→ **Problem to solve**:
Return exactly those lines of the material below that fall between the line holding "Qatar Arabisches KFZ" and the line holding "Thí sinh Hoa", inclusive.

[Input records]

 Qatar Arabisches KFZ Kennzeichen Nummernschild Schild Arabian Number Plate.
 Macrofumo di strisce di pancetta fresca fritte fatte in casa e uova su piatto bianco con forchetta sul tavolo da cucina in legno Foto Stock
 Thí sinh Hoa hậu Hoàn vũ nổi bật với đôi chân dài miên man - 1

[/Input records]
[Input records]

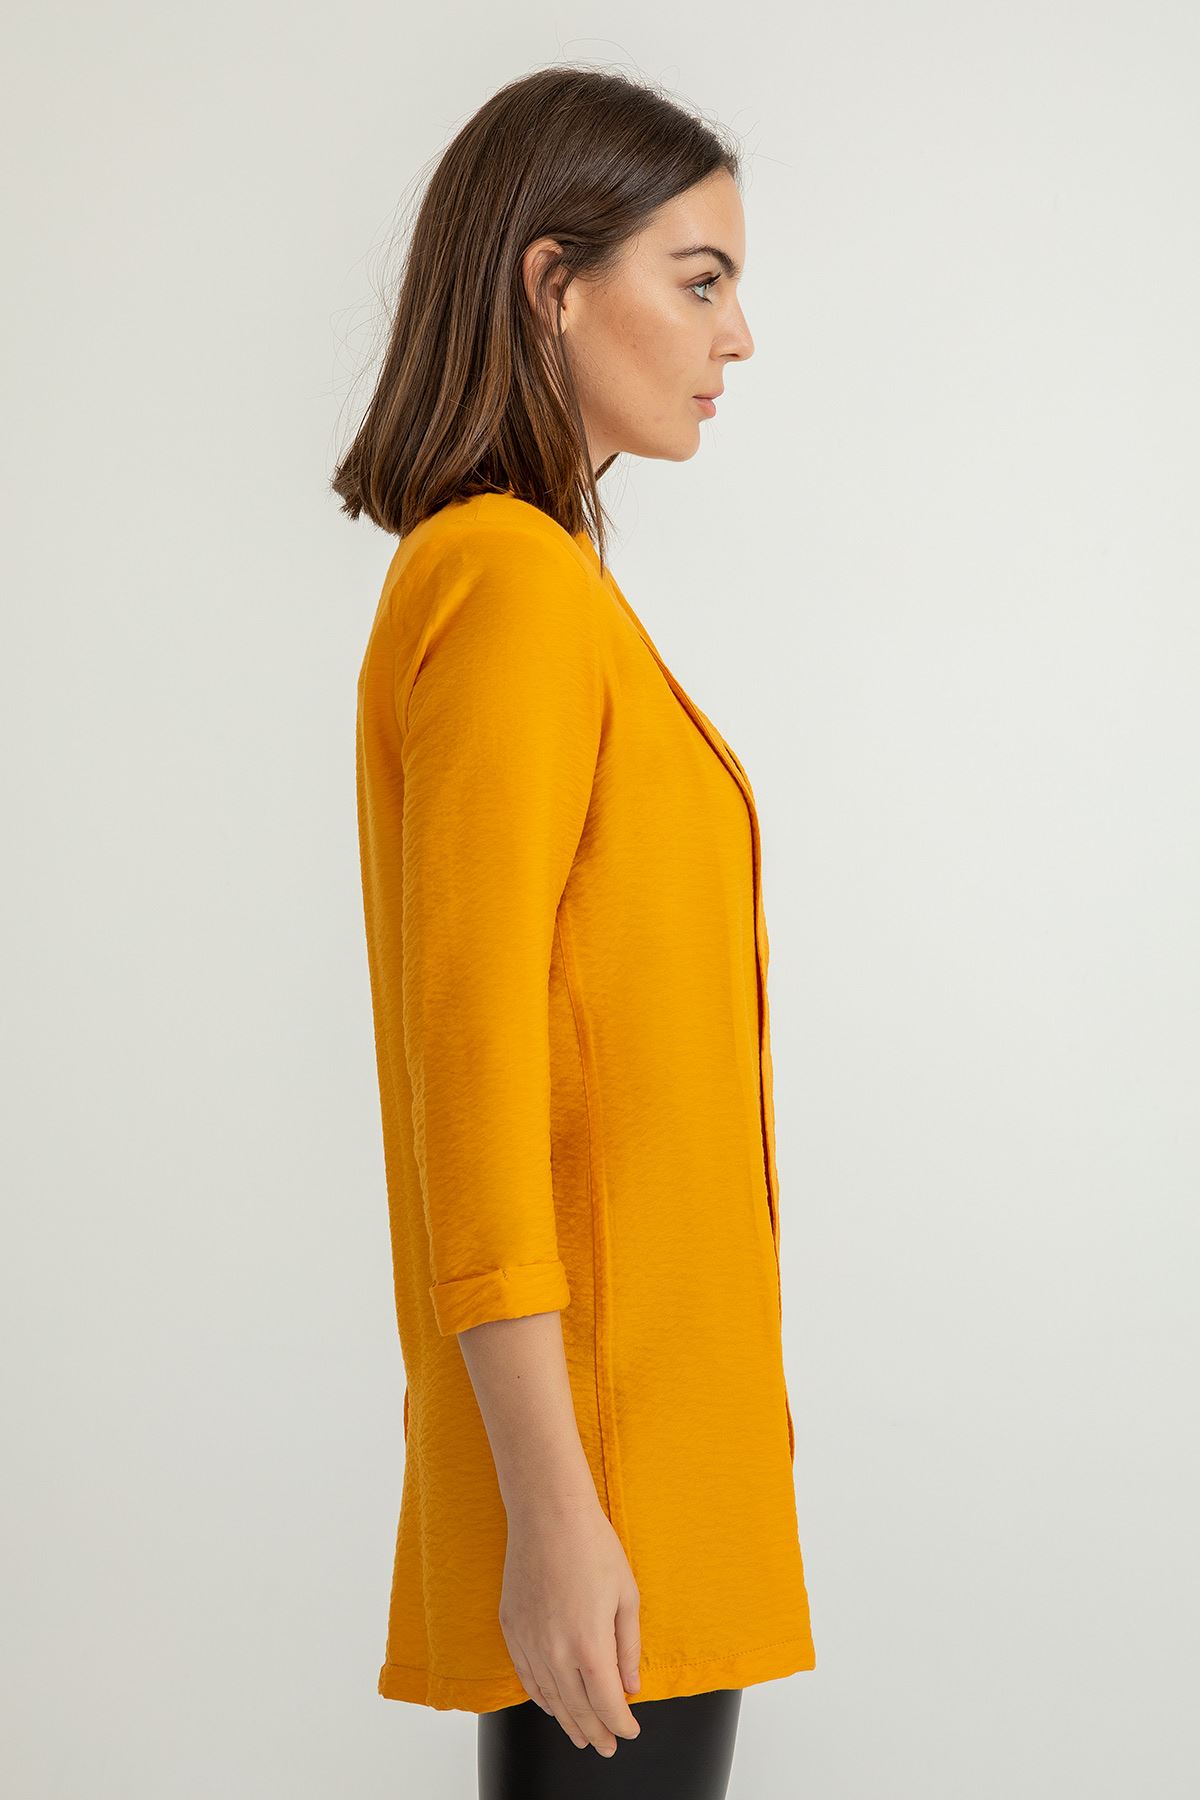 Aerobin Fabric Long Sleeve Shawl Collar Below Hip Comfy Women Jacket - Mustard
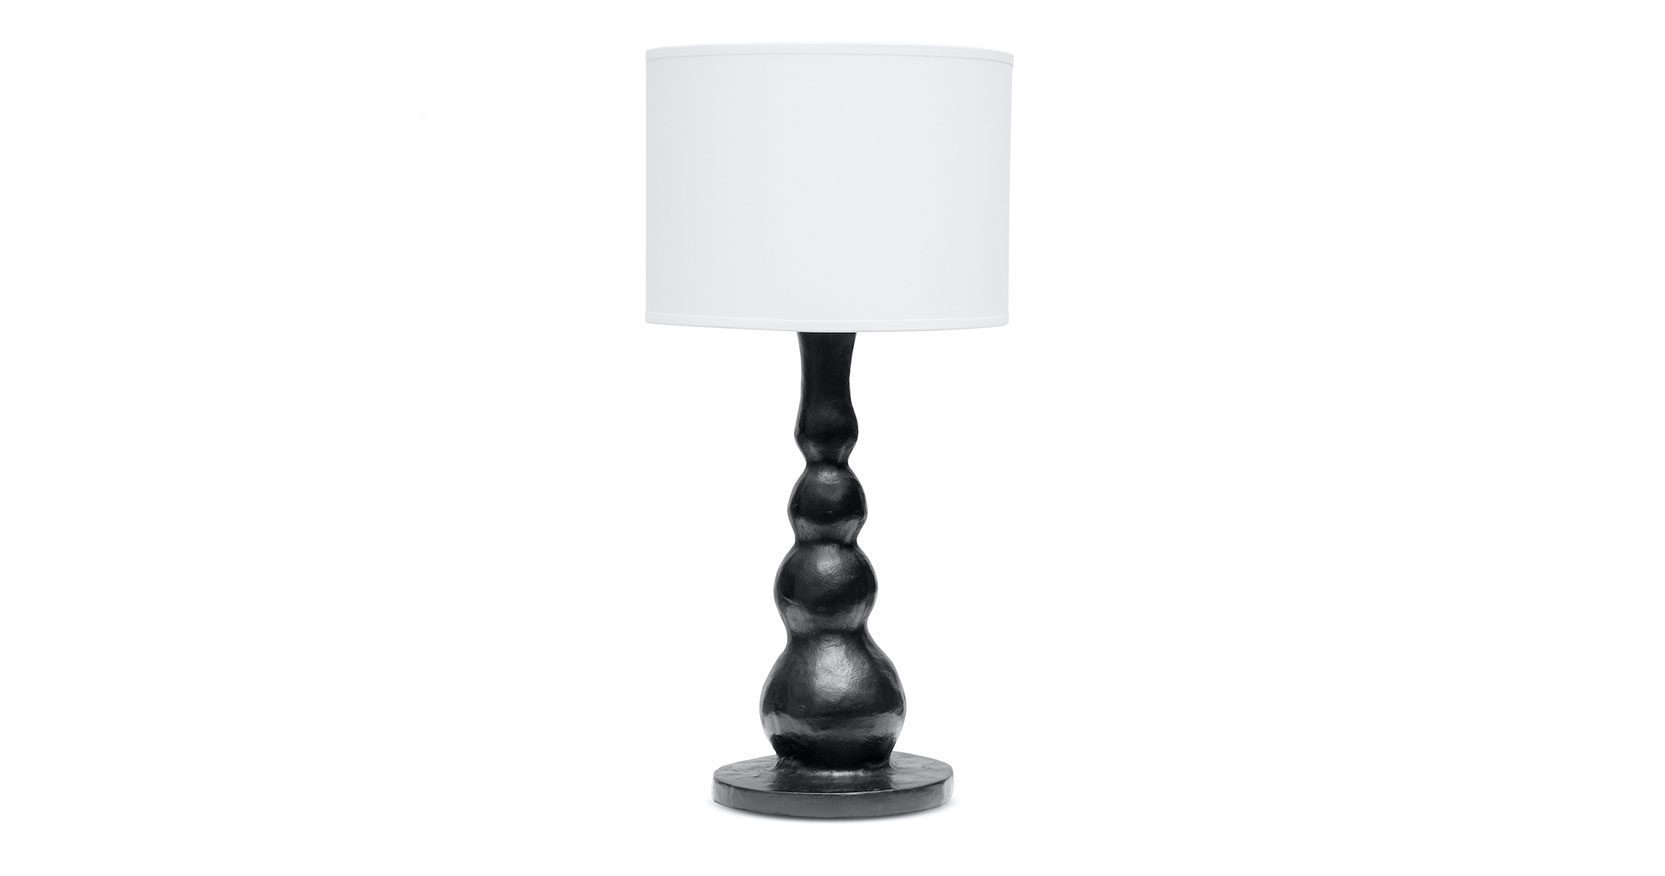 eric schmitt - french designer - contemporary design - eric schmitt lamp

[/Input records]
[Input records]

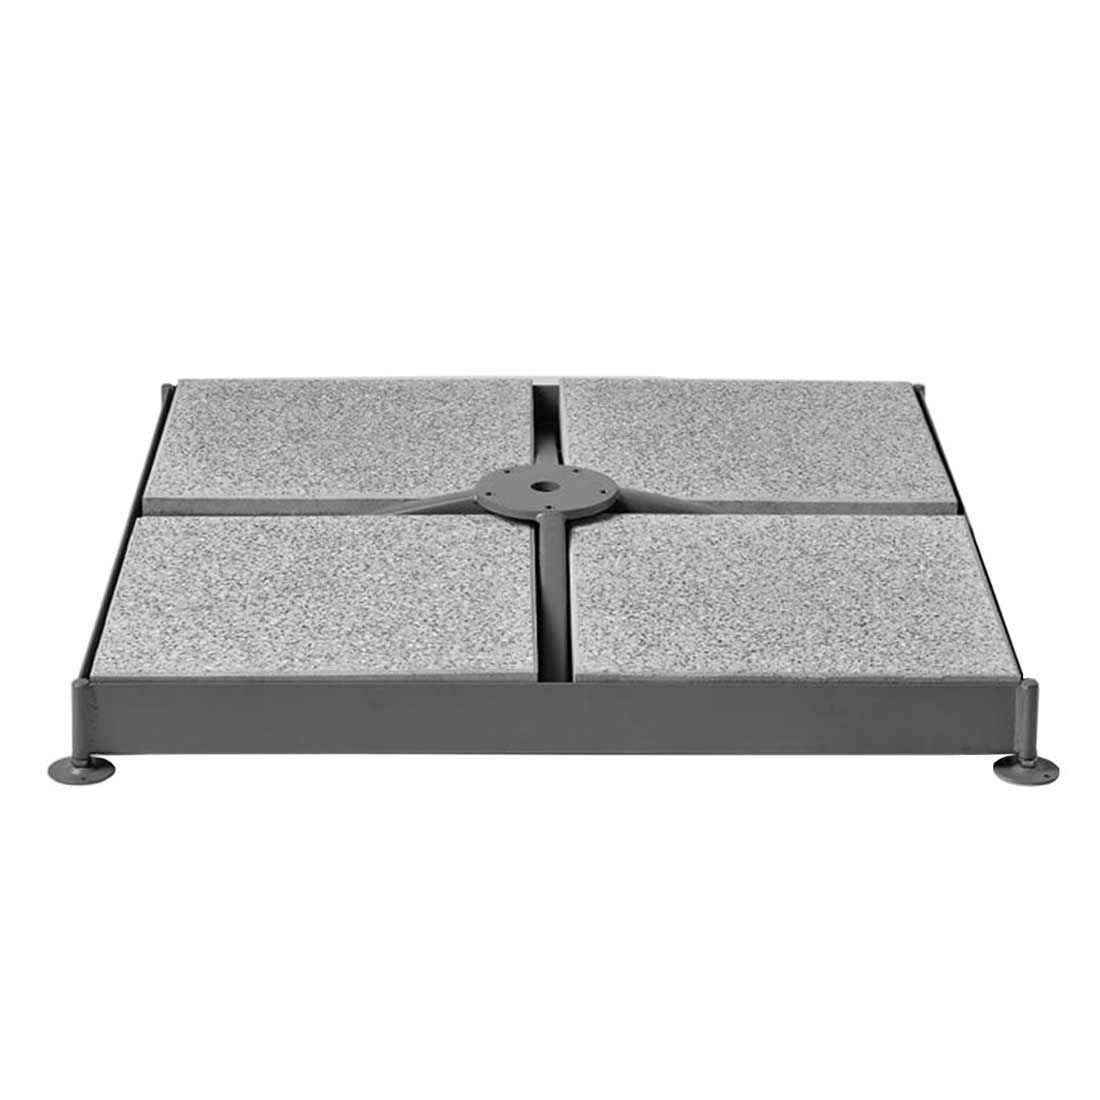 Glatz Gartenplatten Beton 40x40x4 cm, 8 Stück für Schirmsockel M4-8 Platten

[/Input records]

→ **Output below**:
 Qatar Arabisches KFZ Kennzeichen Nummernschild Schild Arabian Number Plate.
 Macrofumo di strisce di pancetta fresca fritte fatte in casa e uova su piatto bianco con forchetta sul tavolo da cucina in legno Foto Stock
 Thí sinh Hoa hậu Hoàn vũ nổi bật với đôi chân dài miên man - 1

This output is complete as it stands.